#### WHAT IS EXPECTED:
How many lines in the data hold the string "avec"? State the number alone.
________________________________________
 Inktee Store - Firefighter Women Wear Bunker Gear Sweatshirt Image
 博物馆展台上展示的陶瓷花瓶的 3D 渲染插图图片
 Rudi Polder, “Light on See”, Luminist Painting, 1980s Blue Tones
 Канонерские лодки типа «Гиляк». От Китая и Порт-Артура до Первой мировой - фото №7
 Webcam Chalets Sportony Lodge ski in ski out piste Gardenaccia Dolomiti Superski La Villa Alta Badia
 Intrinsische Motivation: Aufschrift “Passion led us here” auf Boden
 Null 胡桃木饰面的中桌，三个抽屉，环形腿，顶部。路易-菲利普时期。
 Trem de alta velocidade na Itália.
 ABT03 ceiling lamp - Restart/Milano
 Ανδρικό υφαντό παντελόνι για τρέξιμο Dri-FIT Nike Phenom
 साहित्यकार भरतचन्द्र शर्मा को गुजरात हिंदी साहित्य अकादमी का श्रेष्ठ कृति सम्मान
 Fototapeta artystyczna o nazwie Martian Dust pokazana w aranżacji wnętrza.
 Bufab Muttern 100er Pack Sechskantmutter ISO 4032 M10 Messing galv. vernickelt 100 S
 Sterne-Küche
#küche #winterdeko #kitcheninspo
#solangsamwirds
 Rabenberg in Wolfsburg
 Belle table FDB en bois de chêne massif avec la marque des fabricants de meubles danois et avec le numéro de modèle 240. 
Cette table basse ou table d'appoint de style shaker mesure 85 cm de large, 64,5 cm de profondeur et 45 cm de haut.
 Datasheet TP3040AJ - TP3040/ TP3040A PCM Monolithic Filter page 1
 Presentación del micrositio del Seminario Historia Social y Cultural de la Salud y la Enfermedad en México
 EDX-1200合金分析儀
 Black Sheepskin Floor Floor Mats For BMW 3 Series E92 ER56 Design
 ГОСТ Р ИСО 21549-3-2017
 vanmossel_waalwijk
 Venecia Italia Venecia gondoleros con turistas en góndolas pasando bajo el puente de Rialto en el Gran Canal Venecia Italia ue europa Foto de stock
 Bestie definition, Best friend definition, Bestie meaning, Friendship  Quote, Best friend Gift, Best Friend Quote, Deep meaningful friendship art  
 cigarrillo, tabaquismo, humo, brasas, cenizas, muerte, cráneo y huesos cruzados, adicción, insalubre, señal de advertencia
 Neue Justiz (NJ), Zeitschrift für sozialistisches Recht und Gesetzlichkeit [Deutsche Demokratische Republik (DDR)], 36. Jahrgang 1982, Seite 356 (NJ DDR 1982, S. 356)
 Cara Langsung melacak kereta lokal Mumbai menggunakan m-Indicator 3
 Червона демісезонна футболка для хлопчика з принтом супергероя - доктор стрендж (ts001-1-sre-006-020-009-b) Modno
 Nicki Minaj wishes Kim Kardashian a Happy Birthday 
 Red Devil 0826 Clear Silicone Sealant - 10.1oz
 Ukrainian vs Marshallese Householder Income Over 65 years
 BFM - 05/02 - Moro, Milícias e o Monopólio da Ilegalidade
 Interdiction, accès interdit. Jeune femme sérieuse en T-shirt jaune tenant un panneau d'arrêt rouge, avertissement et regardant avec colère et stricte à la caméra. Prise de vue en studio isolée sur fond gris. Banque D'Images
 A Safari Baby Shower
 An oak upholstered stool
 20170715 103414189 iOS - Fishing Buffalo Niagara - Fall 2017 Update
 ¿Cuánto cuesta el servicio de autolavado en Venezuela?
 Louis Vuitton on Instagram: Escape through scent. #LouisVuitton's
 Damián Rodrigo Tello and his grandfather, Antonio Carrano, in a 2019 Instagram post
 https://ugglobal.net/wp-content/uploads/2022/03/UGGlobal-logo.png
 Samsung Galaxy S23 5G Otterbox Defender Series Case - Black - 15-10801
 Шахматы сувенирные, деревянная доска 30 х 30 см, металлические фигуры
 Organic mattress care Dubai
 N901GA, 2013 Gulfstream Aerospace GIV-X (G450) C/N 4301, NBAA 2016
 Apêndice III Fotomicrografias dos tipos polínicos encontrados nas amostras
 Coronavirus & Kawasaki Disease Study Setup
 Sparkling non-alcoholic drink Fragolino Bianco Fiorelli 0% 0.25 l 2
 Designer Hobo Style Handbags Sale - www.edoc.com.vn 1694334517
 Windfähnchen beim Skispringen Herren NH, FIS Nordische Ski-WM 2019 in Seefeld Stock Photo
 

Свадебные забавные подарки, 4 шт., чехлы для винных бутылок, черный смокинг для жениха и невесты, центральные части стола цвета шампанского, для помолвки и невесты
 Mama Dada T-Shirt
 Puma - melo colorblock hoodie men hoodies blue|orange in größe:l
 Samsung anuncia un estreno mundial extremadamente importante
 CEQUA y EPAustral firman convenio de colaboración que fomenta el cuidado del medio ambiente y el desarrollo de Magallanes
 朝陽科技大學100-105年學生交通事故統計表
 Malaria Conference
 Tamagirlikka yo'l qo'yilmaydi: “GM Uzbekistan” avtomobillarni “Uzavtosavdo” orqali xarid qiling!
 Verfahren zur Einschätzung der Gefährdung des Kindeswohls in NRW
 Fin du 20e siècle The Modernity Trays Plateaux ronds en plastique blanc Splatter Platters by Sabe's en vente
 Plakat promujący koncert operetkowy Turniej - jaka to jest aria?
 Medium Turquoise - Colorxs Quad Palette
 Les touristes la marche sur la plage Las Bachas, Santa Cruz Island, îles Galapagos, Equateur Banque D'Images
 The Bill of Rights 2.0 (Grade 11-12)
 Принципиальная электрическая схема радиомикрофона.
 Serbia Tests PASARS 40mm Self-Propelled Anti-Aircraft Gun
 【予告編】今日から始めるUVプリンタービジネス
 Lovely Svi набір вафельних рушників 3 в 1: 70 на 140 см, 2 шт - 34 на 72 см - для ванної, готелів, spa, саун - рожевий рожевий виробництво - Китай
________________________________________
#### SOLUTION FOR THIS TASK:
2